A gentle silence fell. Sometimes questions come out of my mouth when I’m interacting with my children before I realise how complex they really are. I was in the midst of an inward chuckle at myself (how can children know what it means to wrestle with God?) when my son piped up.
“I think it was good… and bad. If he was afraid and angry, then he should tell God those things.’
My chuckle died in my throat as a little catch came to it instead. Why, yes. That’s exactly right. Jacob’s story has fascinated me since the first time I read it, years ago. I deeply identify with Jacob. I have always been one who wrestles… with doubt, with the reality of grief and pain, with the who and why of this God whose healing is mercy, whose mystery can be both my exultation and my bewilderment.
I don’t accept grace easily and find it hard to take anything at face value. Why? And why should it be this way? And how can I trust You are as good as you say? In some ways, the whole of my faith has been a long wrestle with my Maker.
But Samuel is right, how right he has not yet dreamed, though I feel sure he will one day know. To wrestle with God is utterly good and bad. Bad, or grievous, because our wrestling is the fruit of a fallen world, the effect of being separated from God, unsure of his mercy, unable to trust his kindness. Bad because our wrestling is usually driven by our grief and need, our anger and anxiety.
But good. I have come to believe that to wrestle with God is almost always, unmitigatedly good because to wrestle is to put ourselves in his hands. It’s to actually engage the living God of the universe who is reaching, reaching out for us across the chasm of death. I’ve contemplated this for years. If you’ve read my books or essays you’ve probably come across me wondering about this this at multiple points.
But Samuel’s words startled me into a thought that is new, for all the hours I’ve spent mulling this story. The wrestling had to have been almost entirely Jacob’s. The push and shove and anger. Like a child baiting a father, all ferocity and fear, seeming to ‘wrestle’ when really the fight is simply a father’s containment of his child as the little one battles out his angst. The Hebrew word for ‘wrestle’ bears the connotation of getting dusty, and I find this fascinating. Dusty, because that’s what humans are, made of earth as we were. But God allowed himself, even then before he took the real earthiness of our flesh upon himself in the Incarnation, to get ‘dusty’ in his ‘wrestle’ with Jacob.
He bears our sorrows and carries our griefs. Our dustiness falls upon him.
There is more here to mull. The wound of yearning, of holy, gentled hunger we bear lifelong that is God’s limit upon the kind of wrestling that might destroy us. Jacob’s holy grit in his demand for the blessing…. that perhaps was already given.
But for now, as we near Lent, when we will be marked with ash and affirm those age olds words ‘from dust you were made and to dust you shall return’, I’m comforted and touched by the dustiness of God as he held Jacob in his fear, his grief, his need. Because to wrestle with God is just to be held by Love.

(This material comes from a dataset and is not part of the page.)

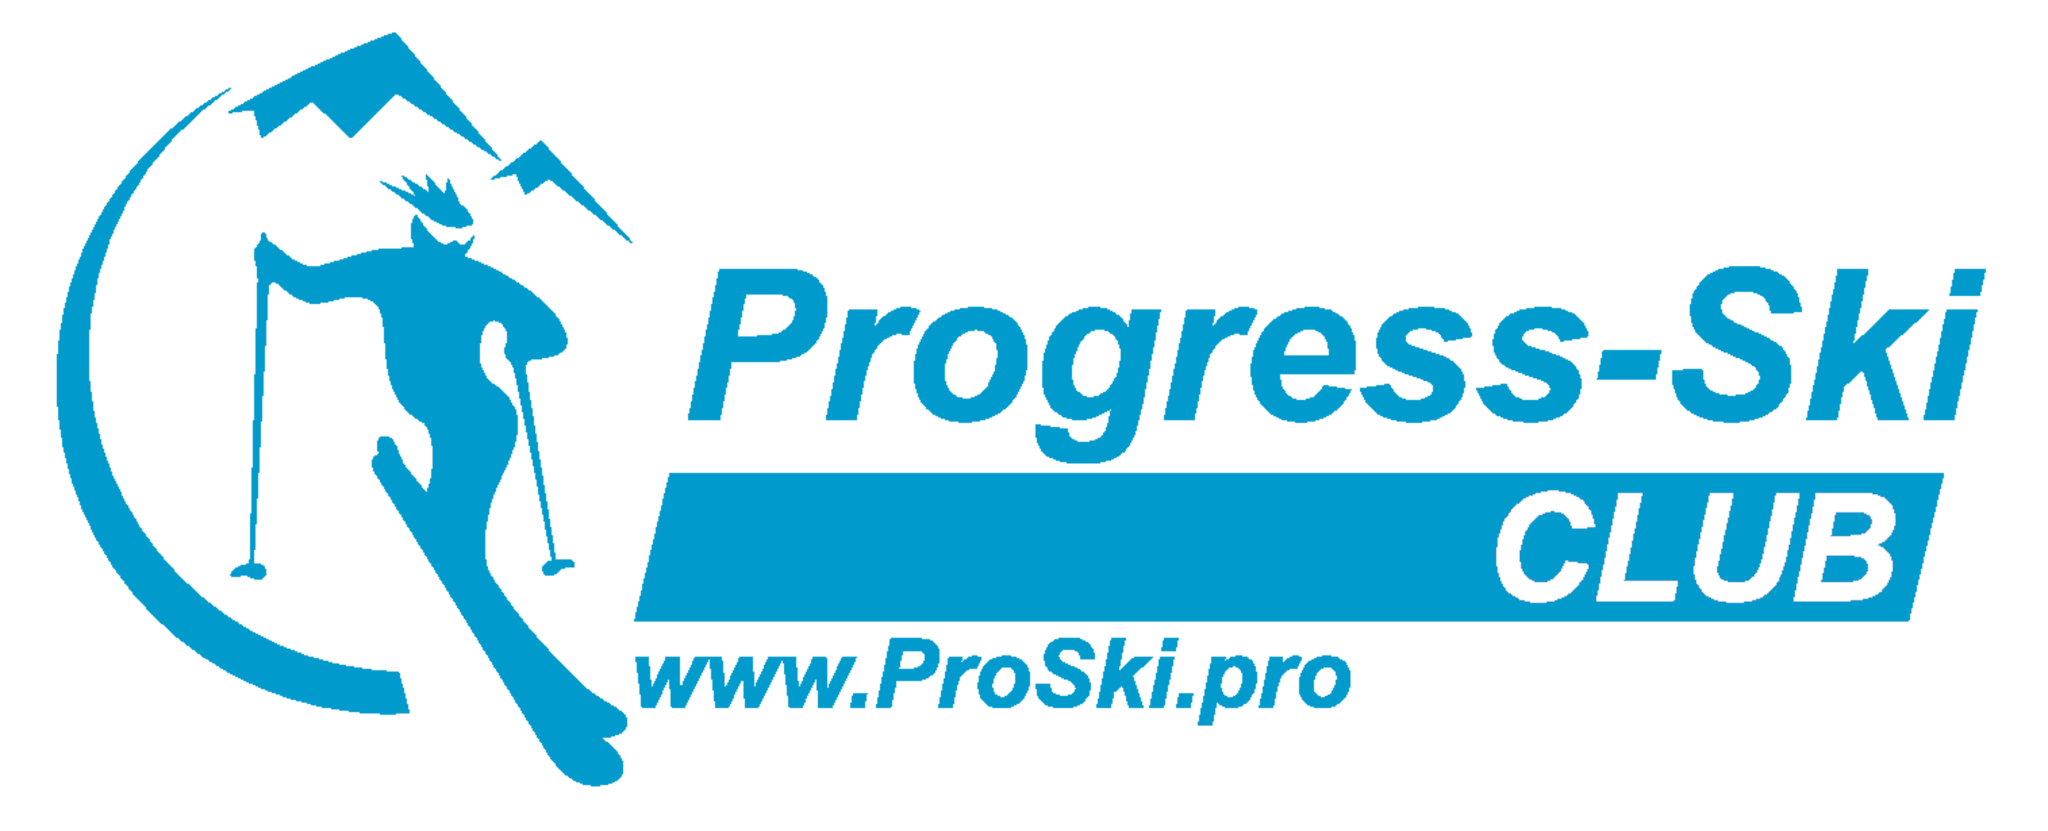 Логотип Прогресс-Ски клуба

I showed the children Edward Knippers astounding picture (above) and immediately my son pointed to the figure on the left.
‘Look Mama, I know which one is God, there. He looks like Jesus, and he’s beautiful.’
Well yes, little one, He is.
Beautiful to contemplate how God gets “dusty” - thank you for that compelling image!
How poignant it is to stop and think that when we have these moments with God, He allows it and He is not the one actively wrestling but it si us and He carries and shelters us through that, the way I do with my children and Iris. I do love the child's faith Sarah. A member of our church died recently and Iris said it was sad that he was not here and playing the piano as he used to. But then she smiled and said he was playing music in Heaven and that would be so special. Bless Samuel and bless the children as they teach us. That picture is remarkable.